I'm talking to my friend about which he would like to go with!


----------



## Diru

Alesis 6-1/2" Shielded Carbon Fiber Cone Woofer

http://www.partsexpress.com/pe/showdetl.cfm?&Partnumber=299-164

Alesis 1" Shielded Soft Dome Tweeter

http://www.partsexpress.com/pe/showdetl.cfm?Partnumber=279-140

Dayton XO2W-2.5K 2-Way Crossover 2,500 Hz

http://www.partsexpress.com/pe/showdetl.cfm?&DID=7&Partnumber=260-142

Dayton DNR-4.0 4 Ohm 10W Non-Inductive Resistor[serise on tweeter]

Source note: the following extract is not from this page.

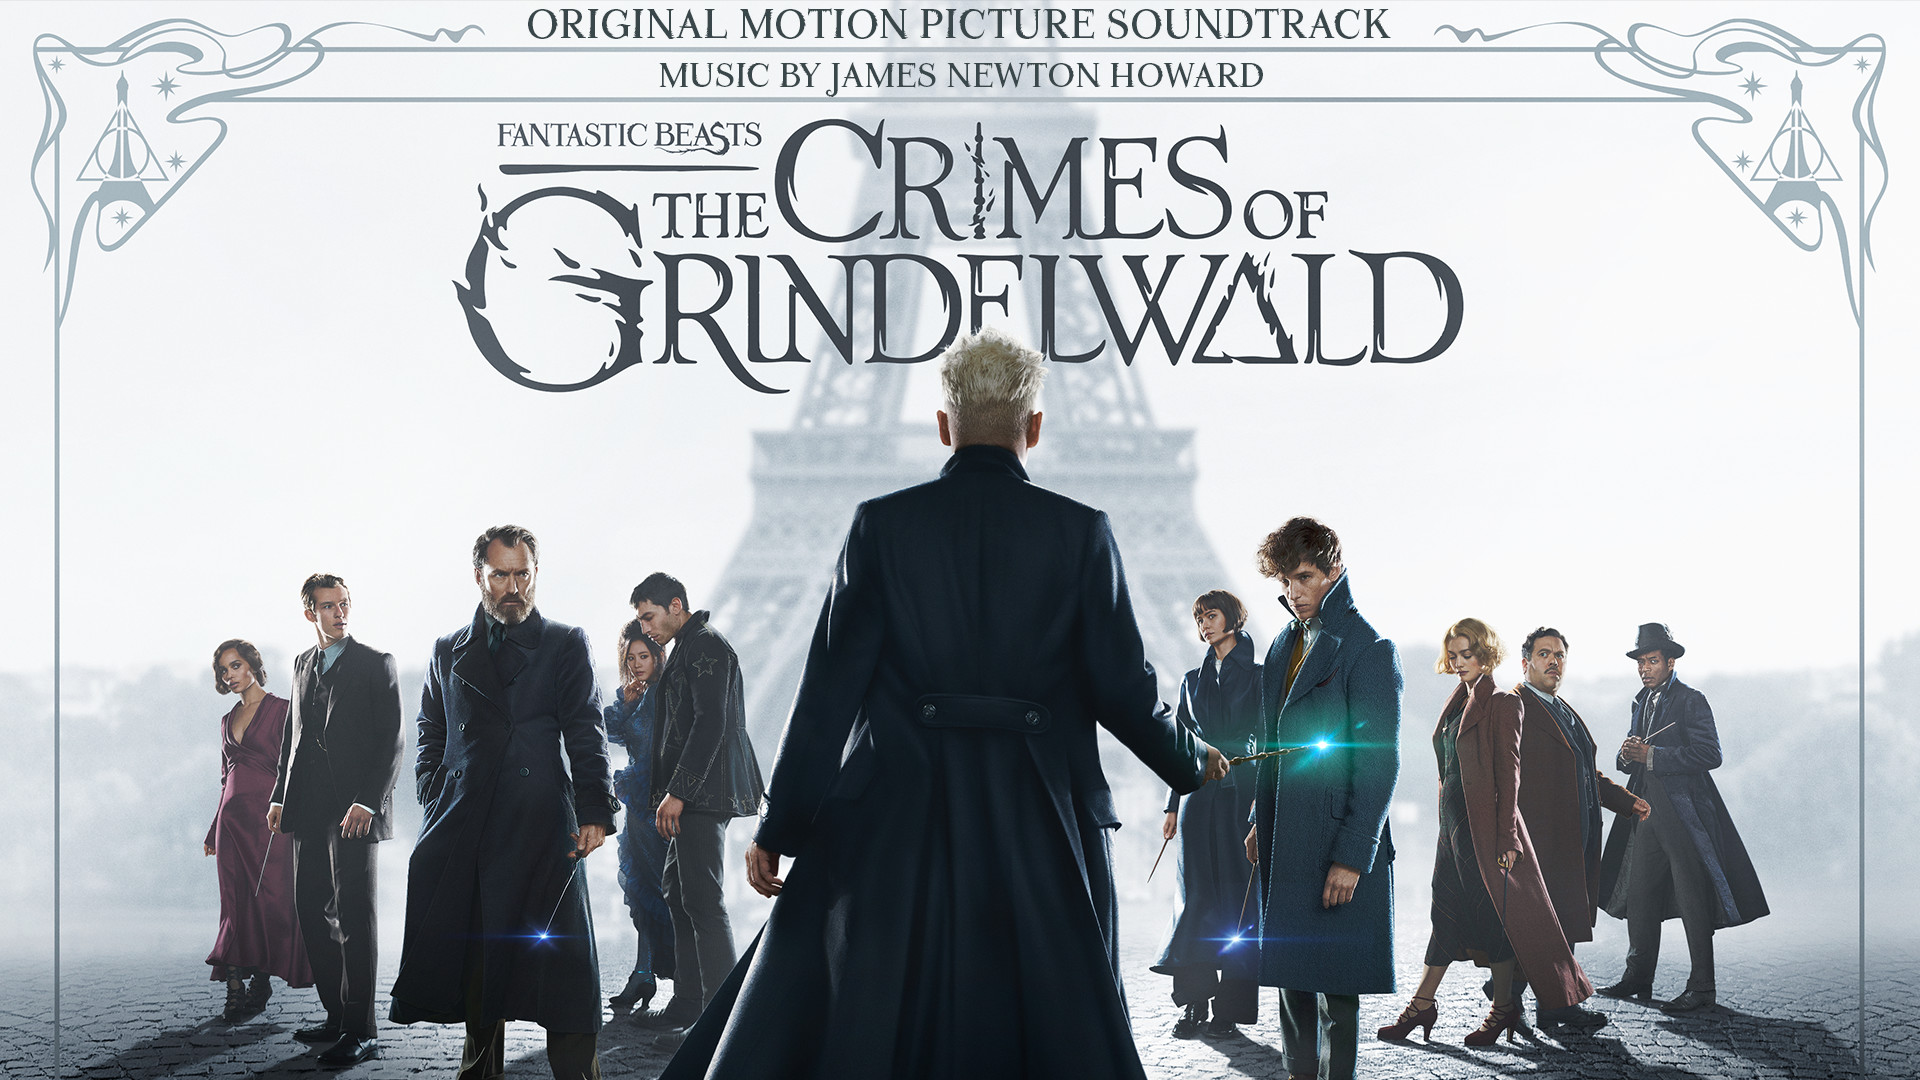 Fantastic Beasts The Crimes Of Grindelwald Soundtrack Details Announced Wizarding World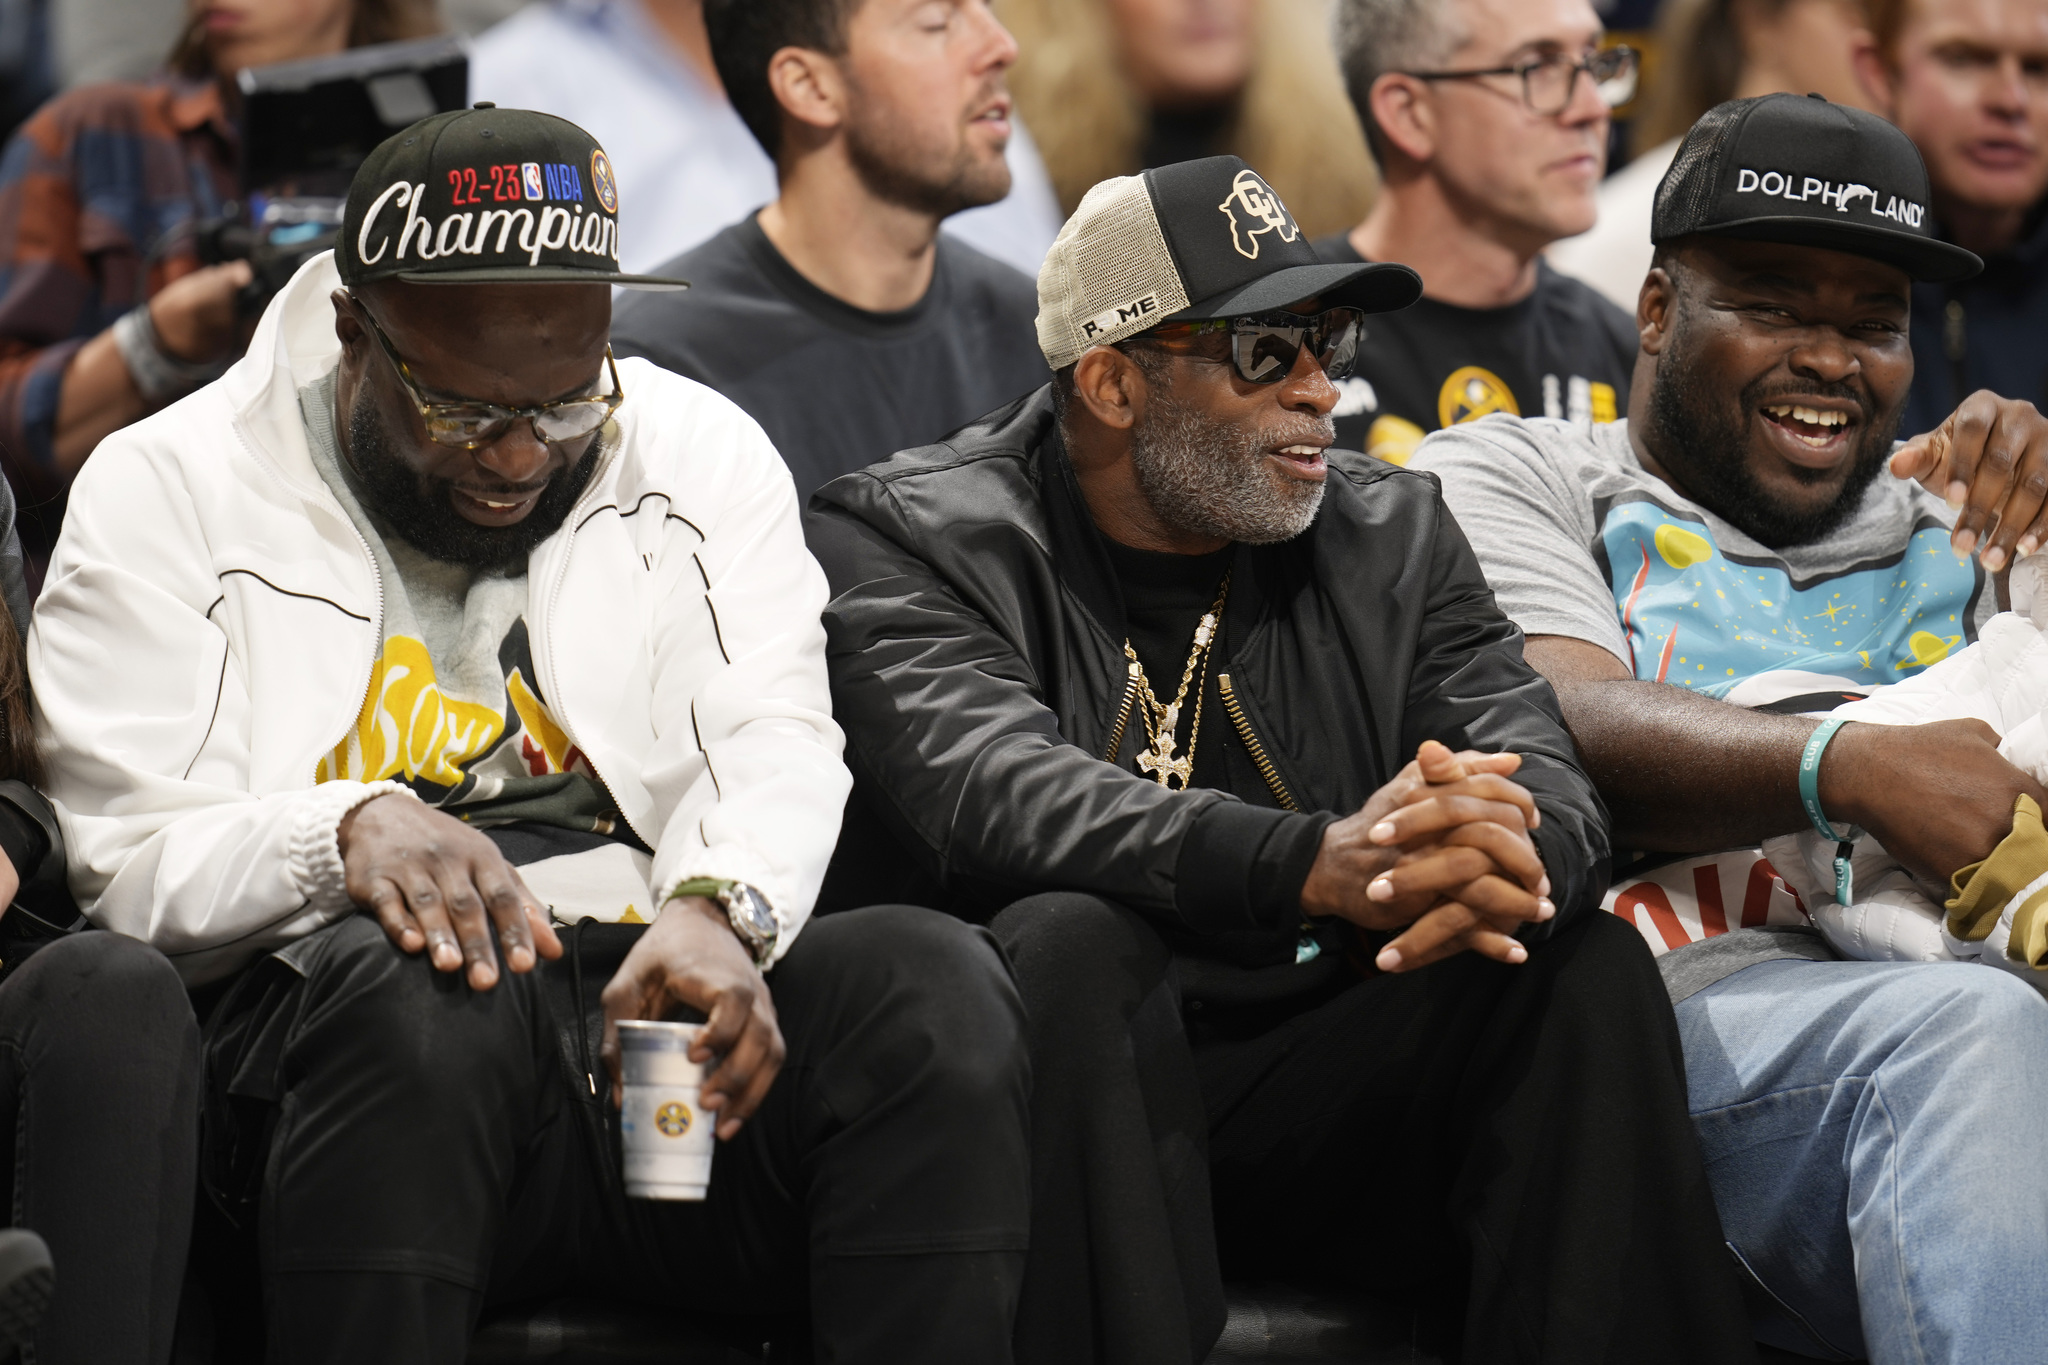 Colorado football coach Deion Sanders (center) was courtside to watch the Nuggets take on the Lakers.

http://www.partsexpress.com/pe/pshowdetl.cfm?&Partnumber=004-4


----------



## bhg41088

"Measured on a standard IEC baffle in a 200 liter enclosure the on-axis response is +/- 3 dB from 65 Hz to 20 kHz. The FR125S is a superb full range driver priced to provide extraordinary value.

http://www.solen.ca/v1/
http://creativesound.ca/details.php?model=FR125SR

I had the "WR" version and it sounded fantastic. Apparently this one has an extended top end. Might be a great choice.


----------



## tyroneshoes

I recommend my design here. Theyre great little speakers.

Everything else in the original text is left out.